Using the records below, write out only the lines from the line containing "L'église médiévale de" up to and including the line containing "Acercamiento de ramas", exactly, with no pictures.
*** Exercise input ***
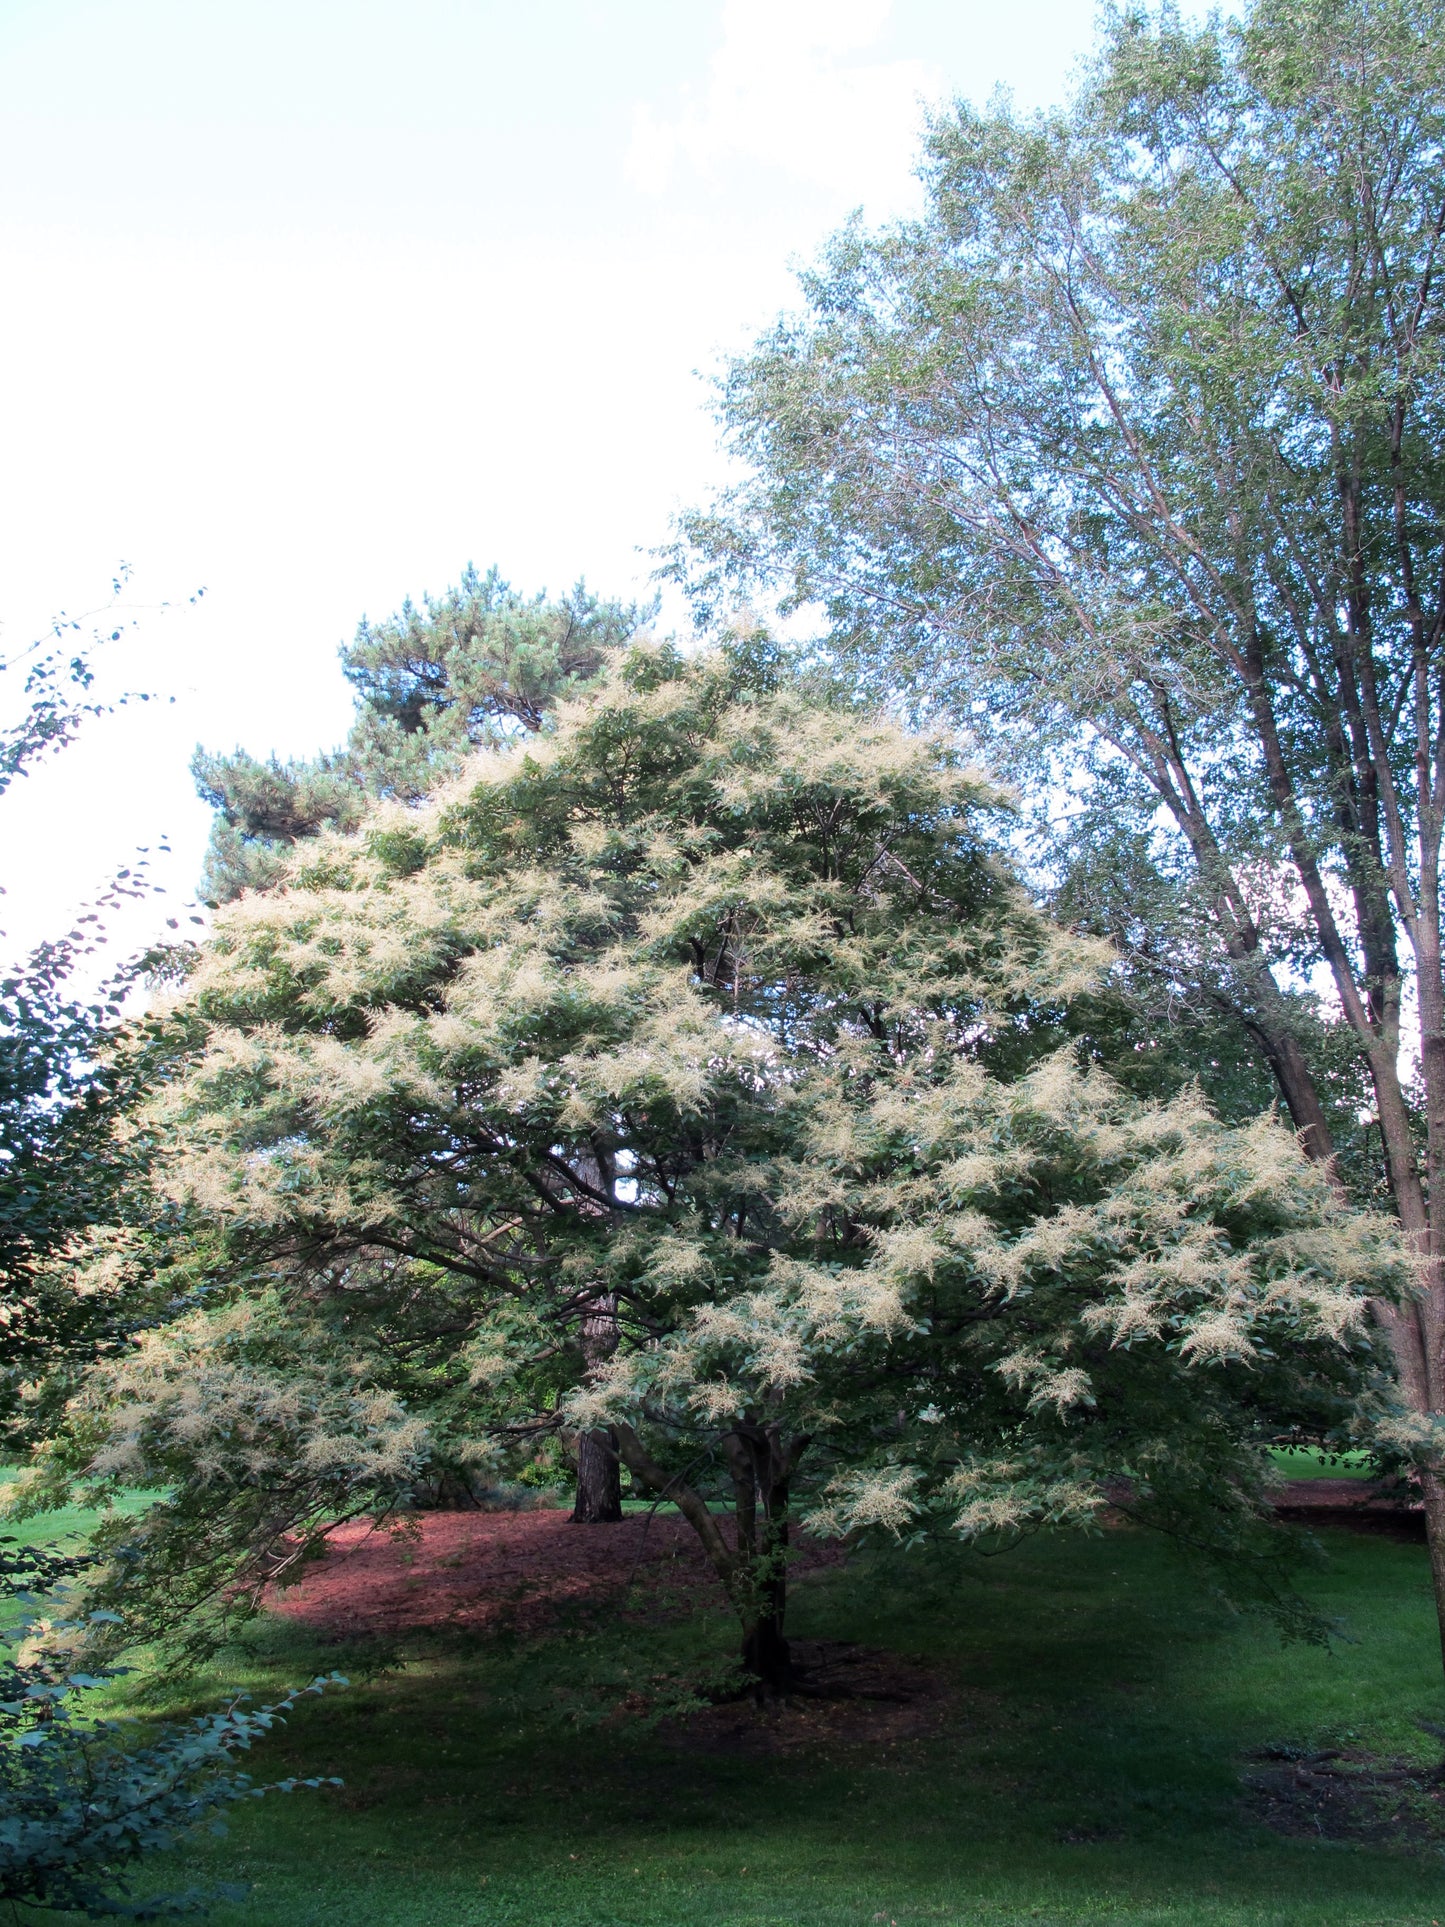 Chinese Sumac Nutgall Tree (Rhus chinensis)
*** End of Exercise input ***
*** Exercise input ***
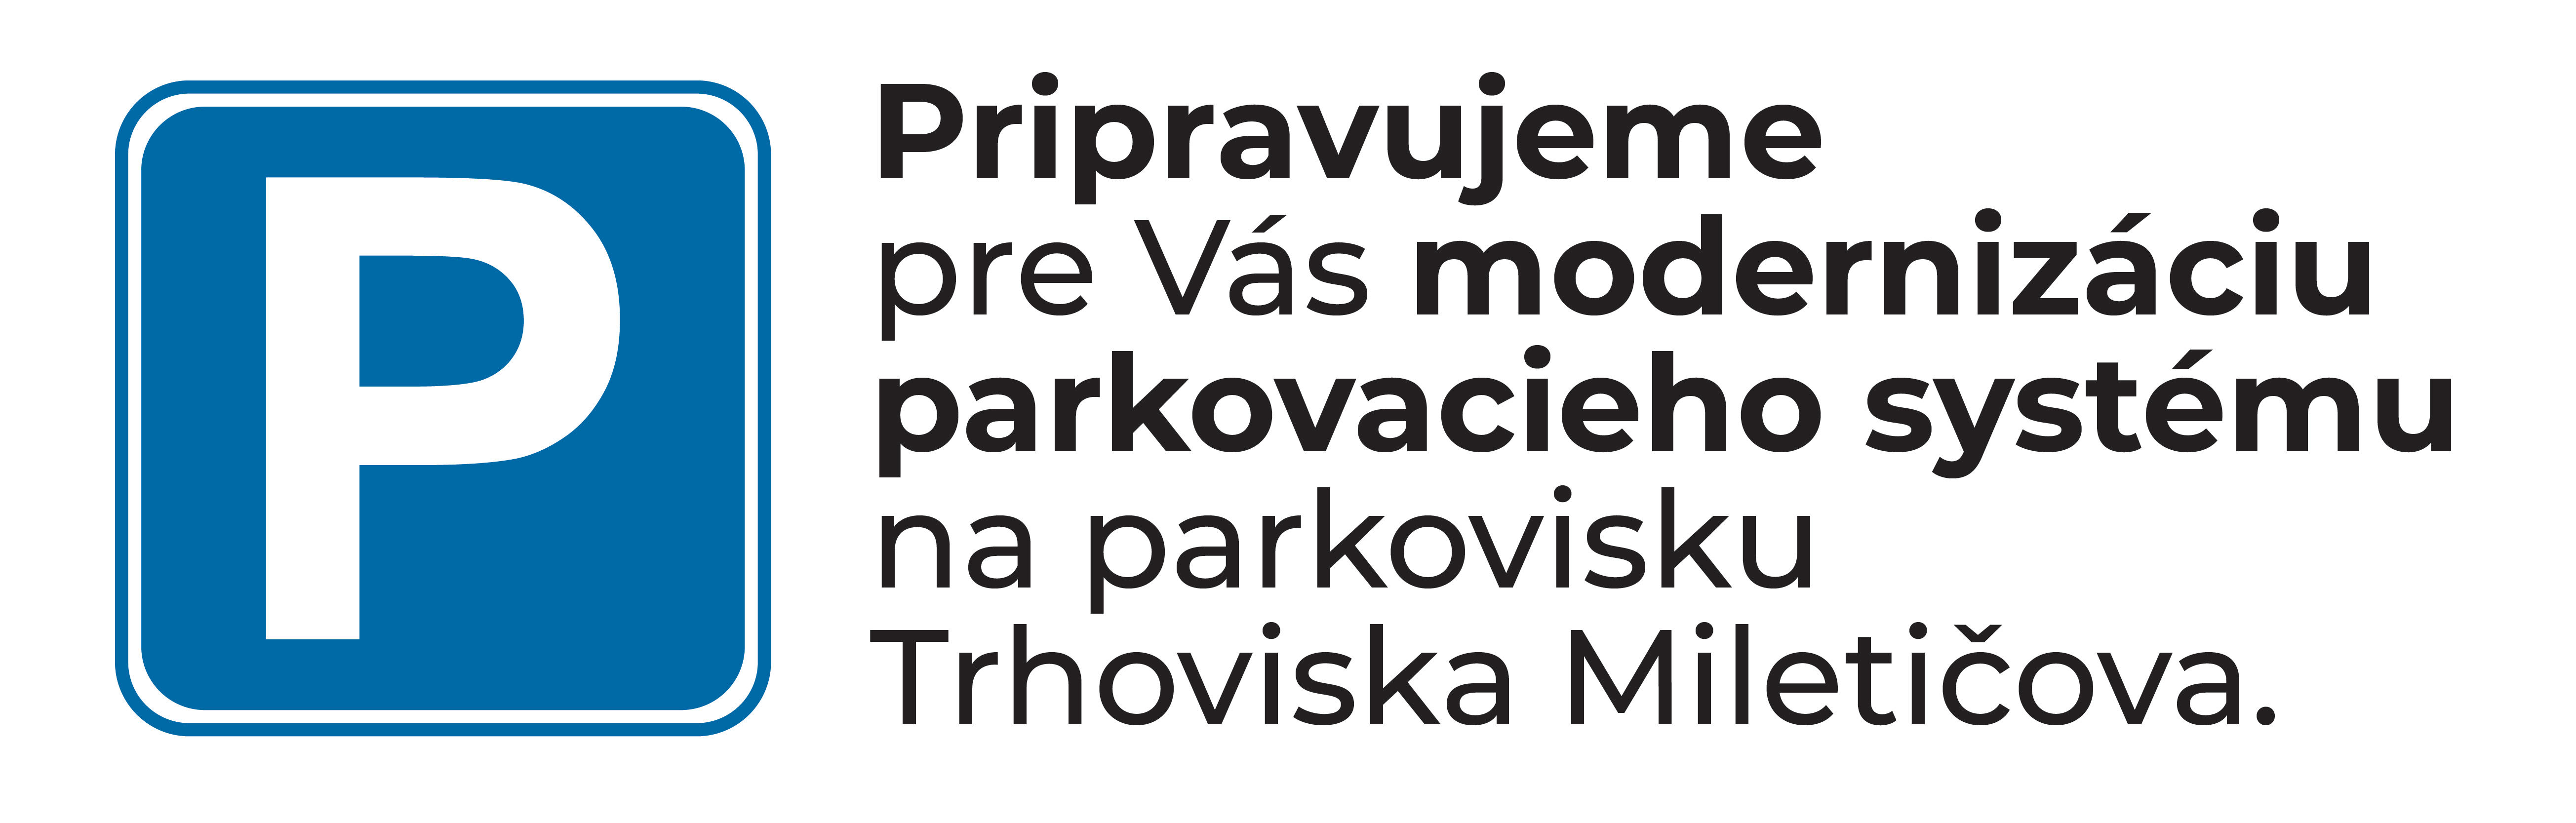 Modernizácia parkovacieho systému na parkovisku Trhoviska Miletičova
*** End of Exercise input ***
*** Exercise input ***
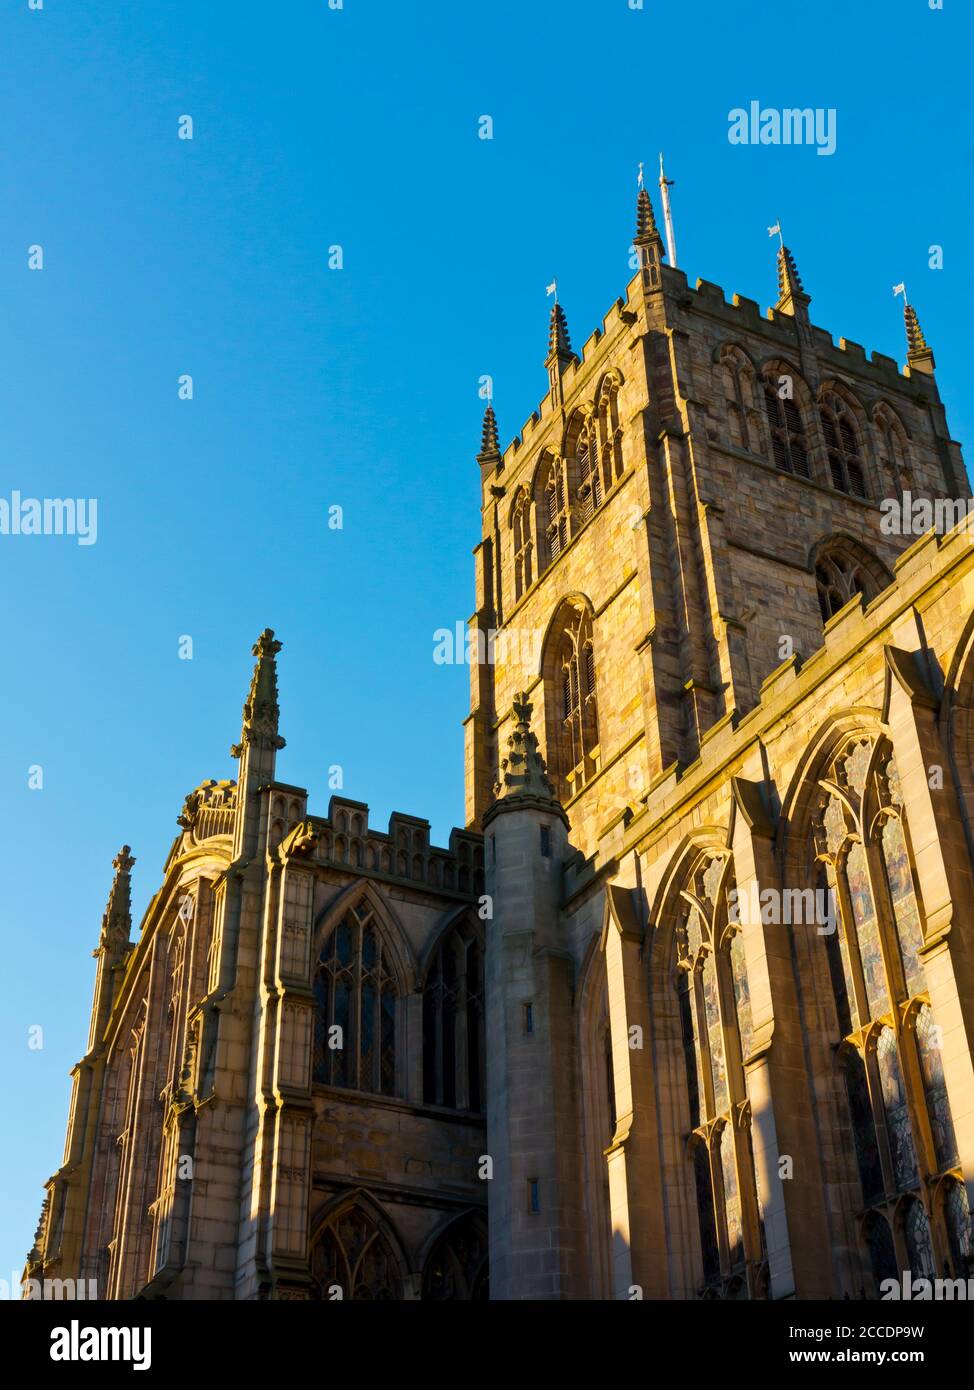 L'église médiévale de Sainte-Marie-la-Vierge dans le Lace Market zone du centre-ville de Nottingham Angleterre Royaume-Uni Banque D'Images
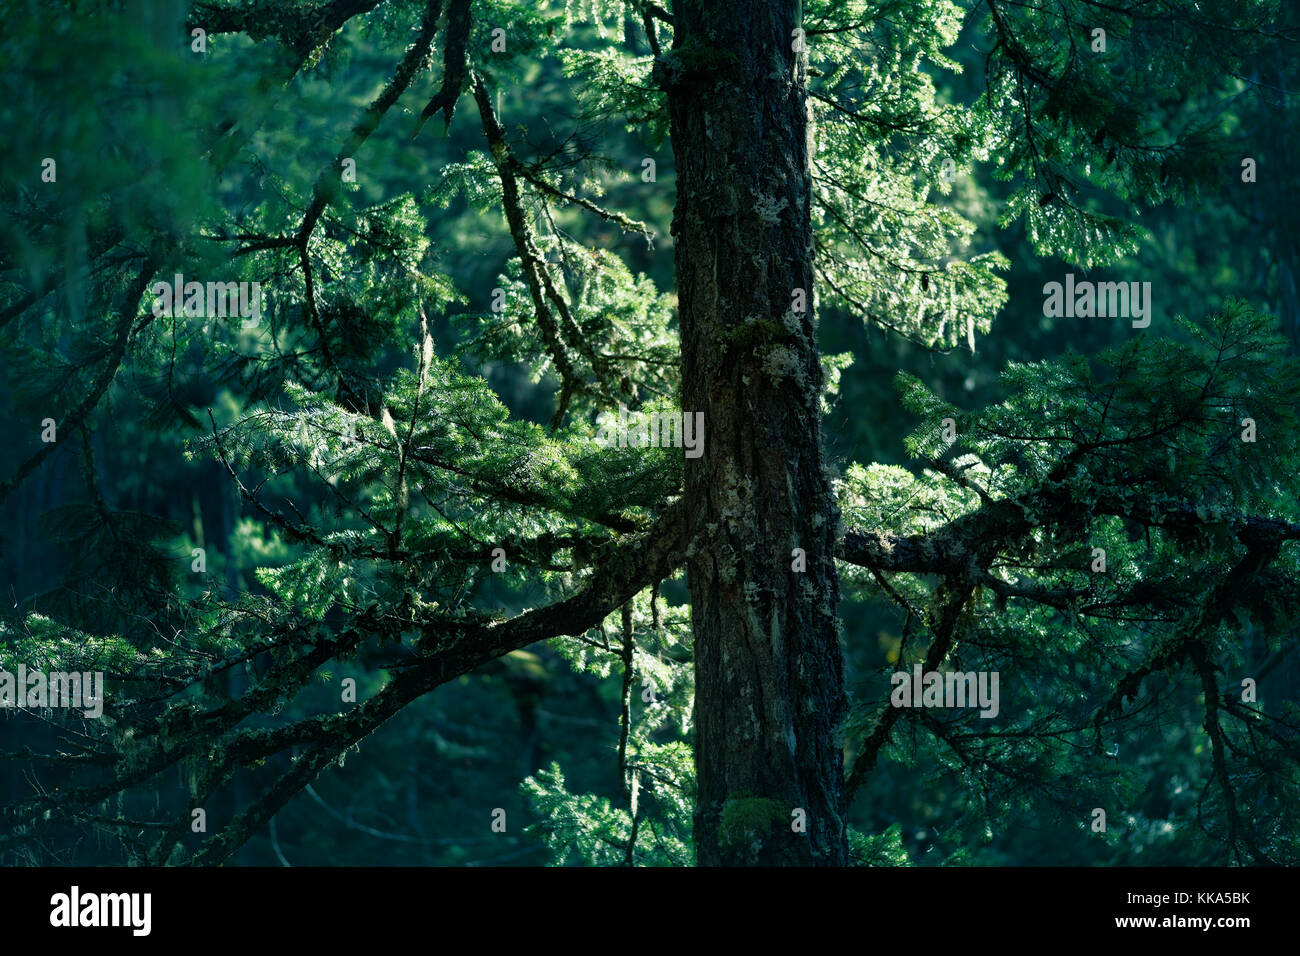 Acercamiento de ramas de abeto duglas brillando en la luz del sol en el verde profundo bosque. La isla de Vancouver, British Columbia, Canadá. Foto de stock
*** End of Exercise input ***
Solution to this task
 L'église médiévale de Sainte-Marie-la-Vierge dans le Lace Market zone du centre-ville de Nottingham Angleterre Royaume-Uni Banque D'Images
 Acercamiento de ramas de abeto duglas brillando en la luz del sol en el verde profundo bosque. La isla de Vancouver, British Columbia, Canadá. Foto de stock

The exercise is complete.